“She’s such an intellectual — she reads her porn.”
“This isn’t Sense and Sensibility, it’s fucking Snapchat, chill out.”
“I can’t remember the last time I ate a vegetable.”
“What? Sorry I can’t hear you with my sunglasses on.”
“I killed a moth with a selfie stick yesterday.”
“Fucking a poet must be amazing.”
“I would suck anything to be verified on Twitter.”
“The only vegetable I eat is Guacamole.”
“What did you guys eat while I was unconscious?”
“Handjobs are like the above-ground swimming pools of sexual activities.”
“If we’re snowed in, let’s organize an orgy for our floor. A snow floor orgy. A snoflorgy.”
“Up until a few years ago I thought misogynist was another word for masseuse.”
“I want my wedding to be bagel themed.”
“She literally has everything a girl could want…except a personality.”
“I’m gonna turn this workaholic into an alcoholic.”
“You look really good with a mustache. You don’t look like a pedophile at all.”
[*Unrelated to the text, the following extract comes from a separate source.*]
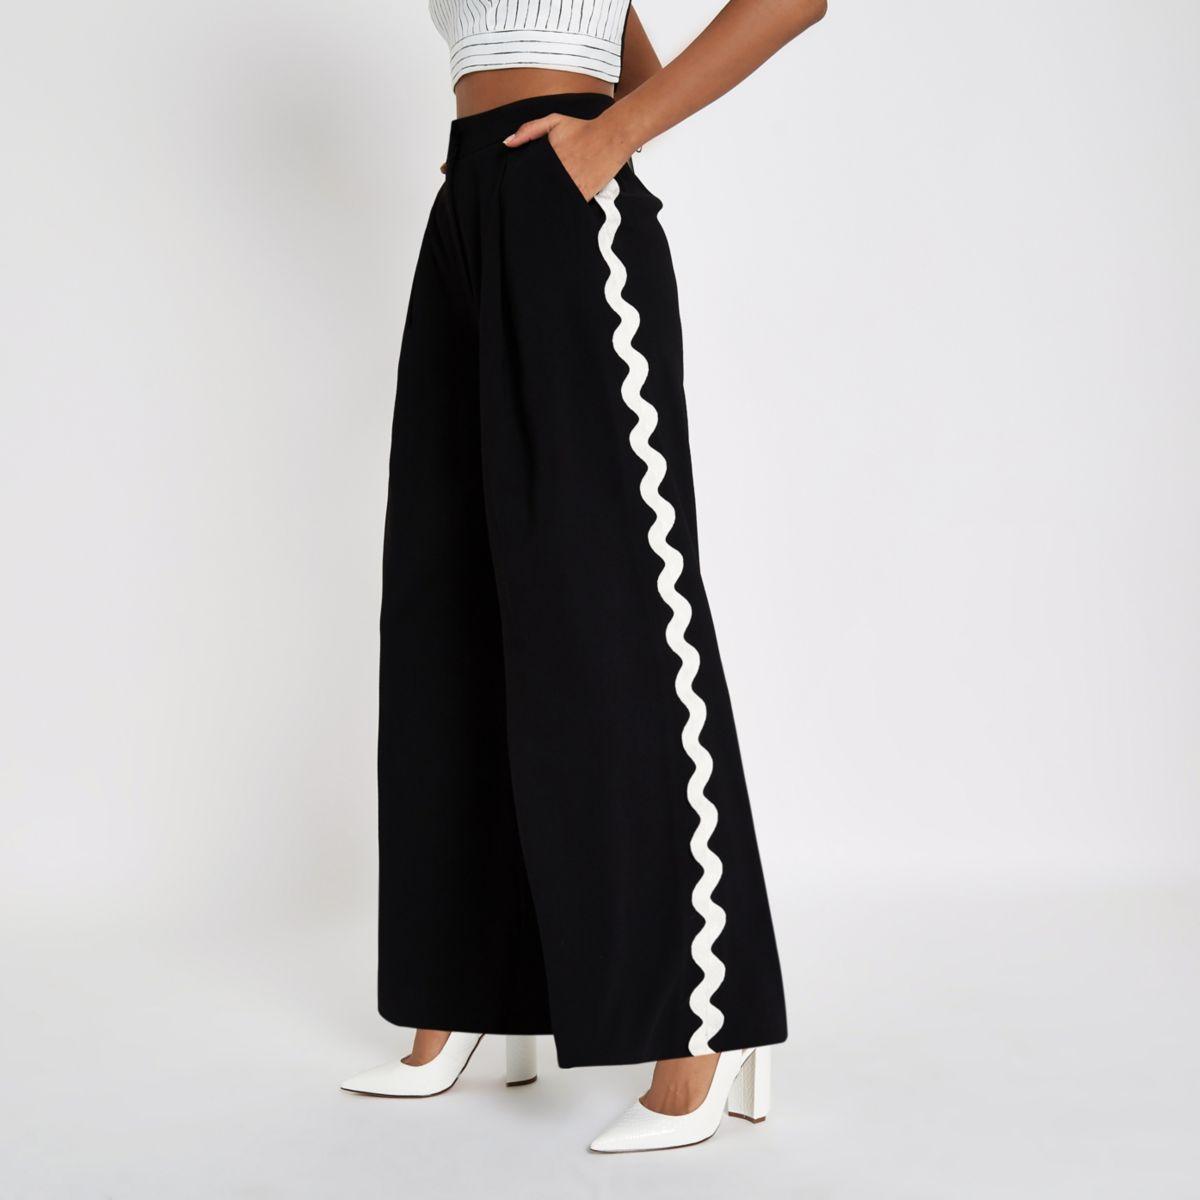 Zwarte broek met wijde pijpen en versiering opzij

“Love is pretty much the ability to talk about your digestive system with another person.”
“I fucking love Tinder. Whenever I want a study break, I just whip out my phone and judge 100 people.”
“So today I ripped a hole in my lace underwear while picking a wedgie.”
“Are you flexing your boob right now?”
“I have to Instagram the snow so my friends at home will think I do more than go to clubs.”
“I can’t imagine anyone who would want to put up with me. I put up with me only because I have to.”
“This just heated up my scrotum to an extent you won’t believe.”
“Why are you ‘throwing shade’ at me? Are you a fucking palm tree?”
“Seriously. I’m wearing knee high stockings. It shouldn’t be this hard to get laid.”
“I’m growing my pubes out so I look more like a Game of Thrones character down there.”
“They should redesign the American flag because it’s so hard to draw 50 stars in elementary school.”
“ABC, man. Always be cute.”
“I can’t give you like professional advice. But I can give you advice based on my life, which is: fuck anything and everything.”
“Wait. You guys have class? On Fridays? I thought that shit was a myth.”
“Look at that dog chasing that stick. If I were a dog, I’d chase a stick like that too. But all I’m chasing here are my broken dreams.”